◆ **THE DATA**:
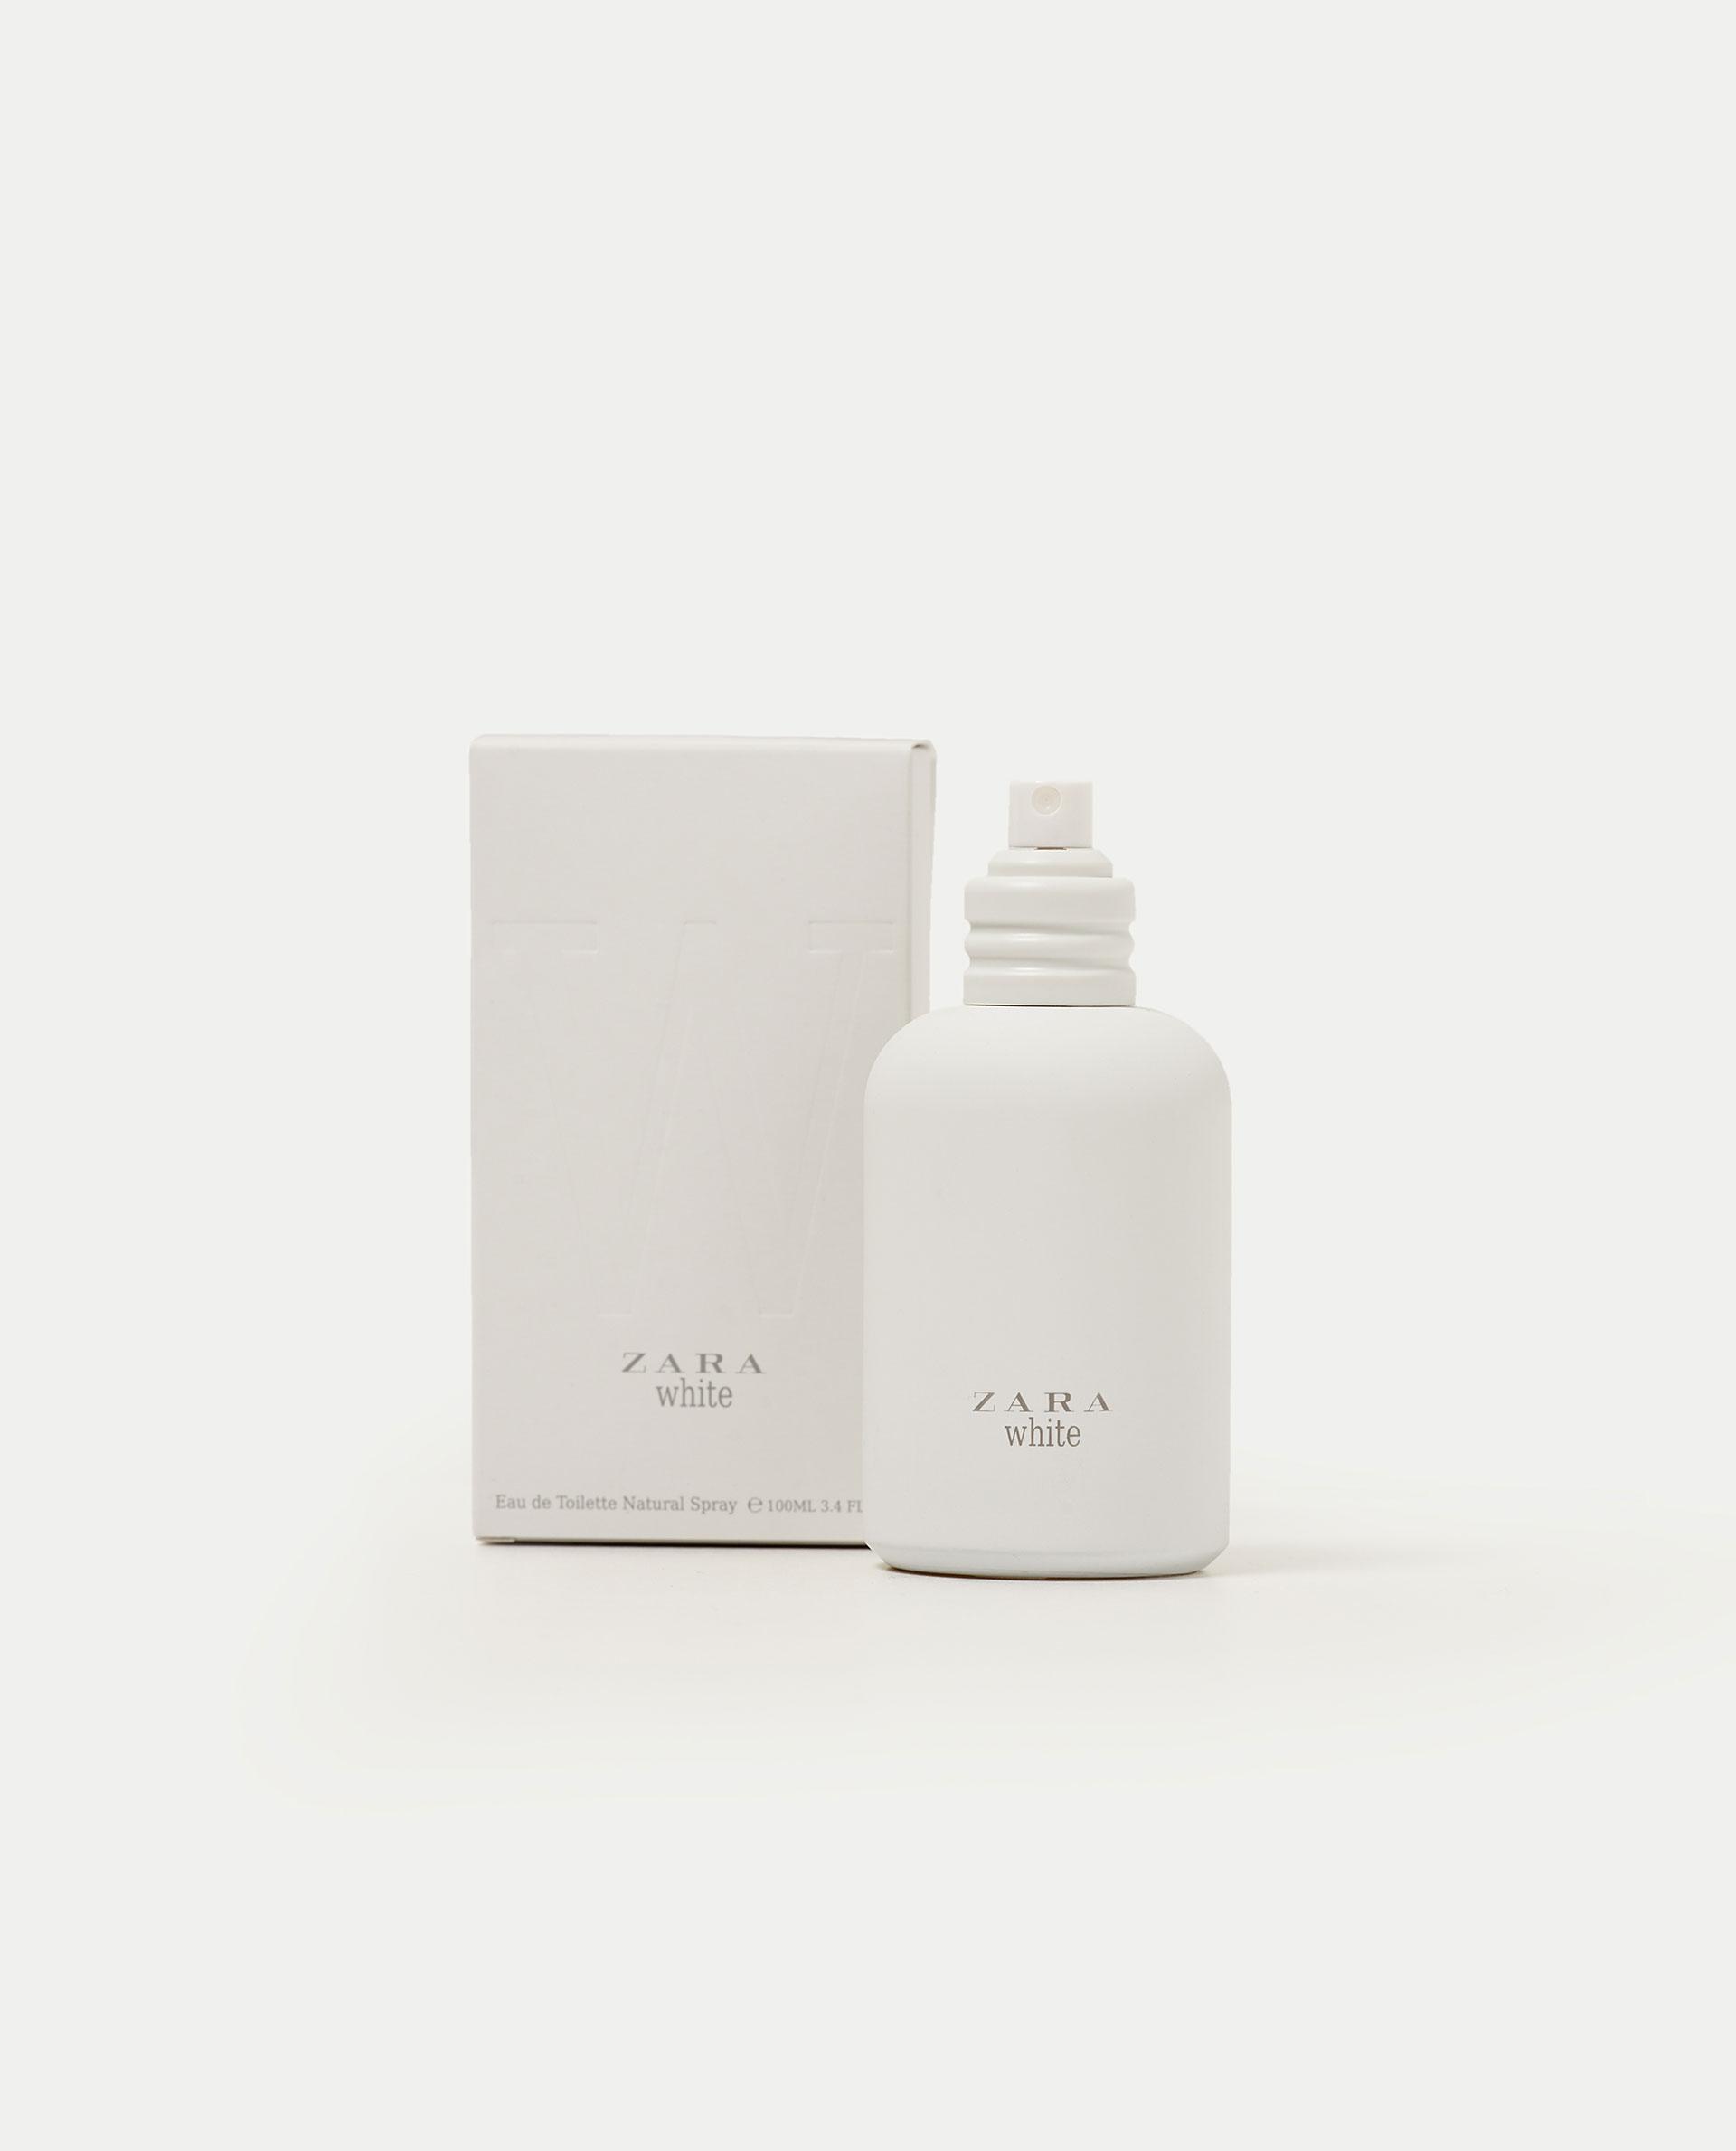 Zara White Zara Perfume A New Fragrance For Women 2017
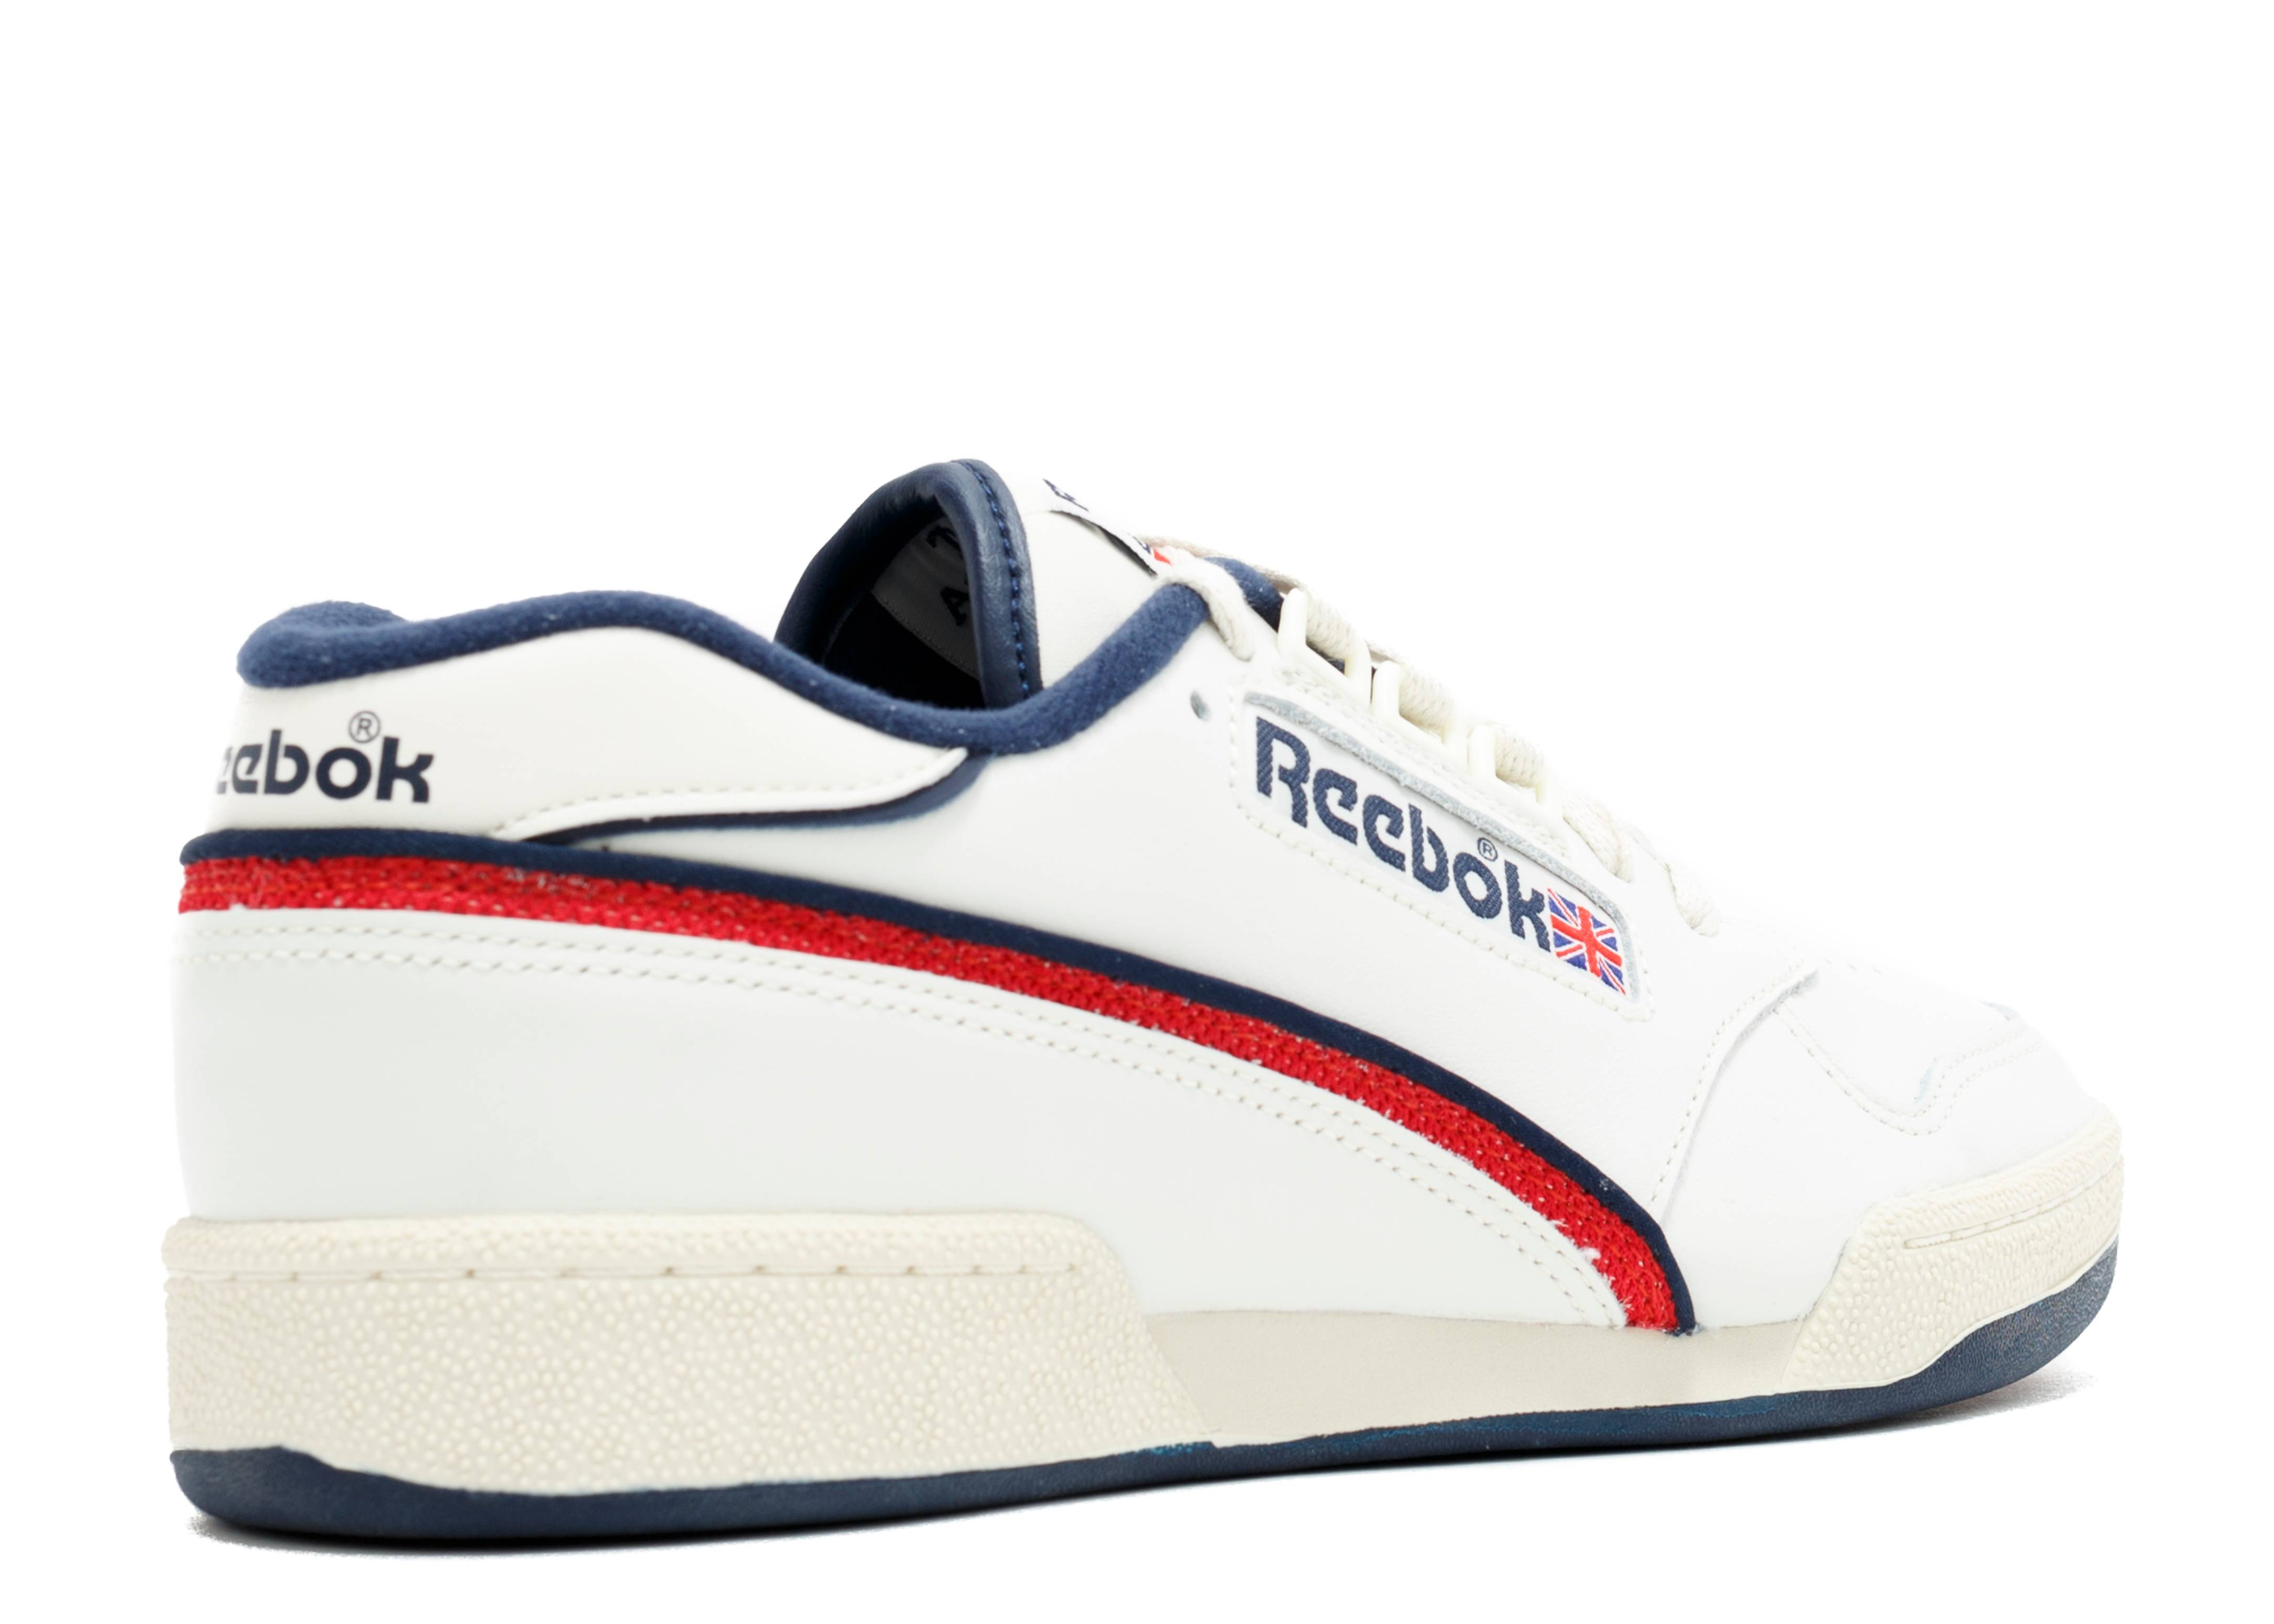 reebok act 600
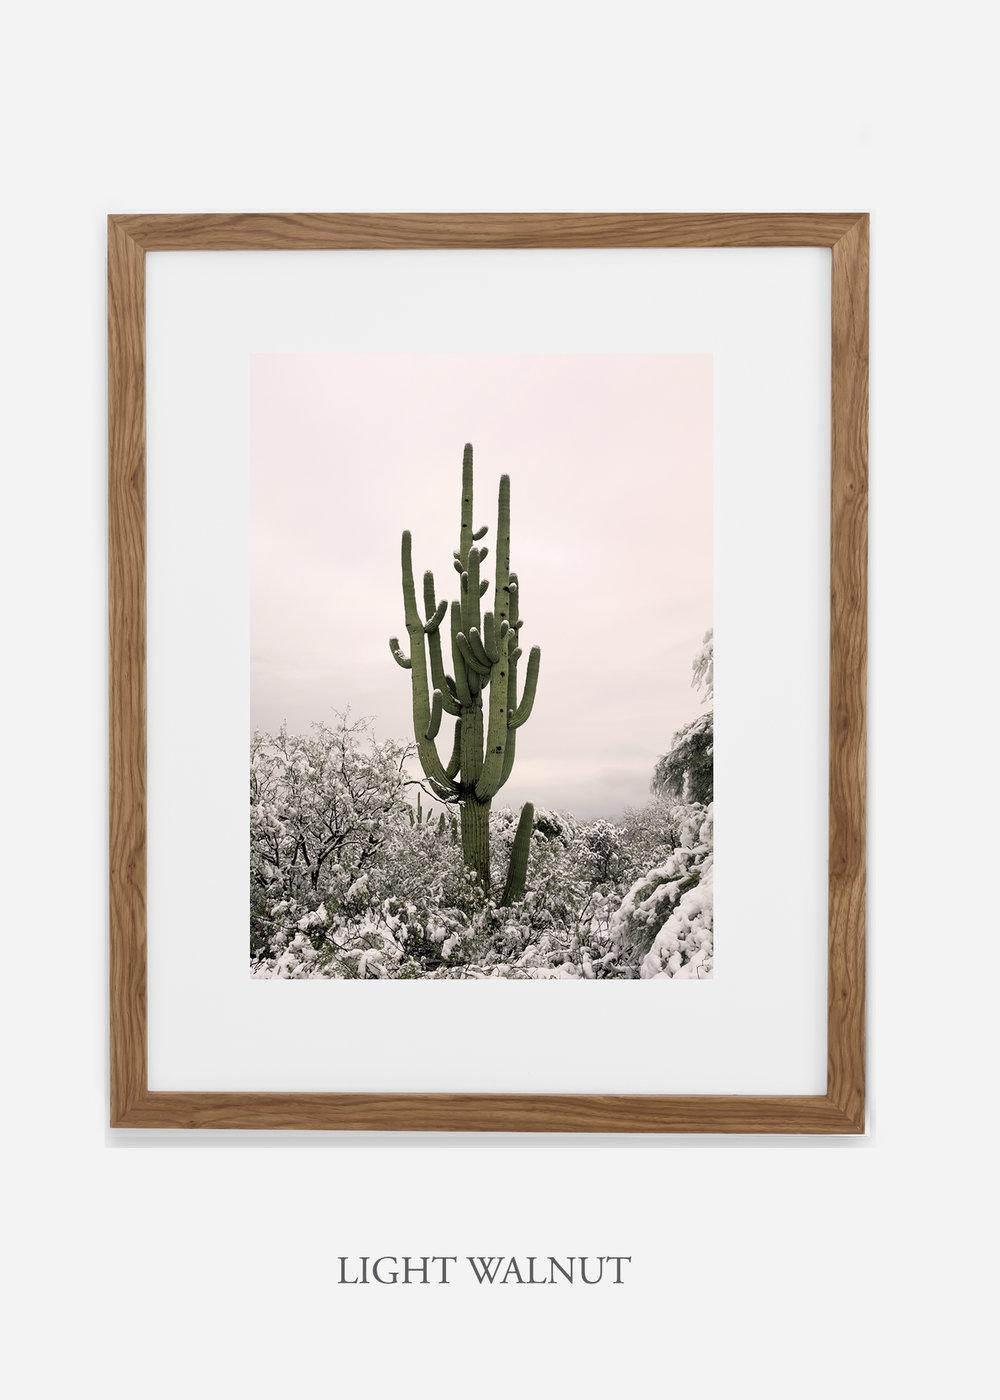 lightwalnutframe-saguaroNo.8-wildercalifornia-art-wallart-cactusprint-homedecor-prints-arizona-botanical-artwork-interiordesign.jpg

◆ **TASK BRIEF**: Please repeat all of the data exactly, excluding images.

◆ **WORKED SOLUTION**:
 Zara White Zara Perfume A New Fragrance For Women 2017
 reebok act 600
 lightwalnutframe-saguaroNo.8-wildercalifornia-art-wallart-cactusprint-homedecor-prints-arizona-botanical-artwork-interiordesign.jpg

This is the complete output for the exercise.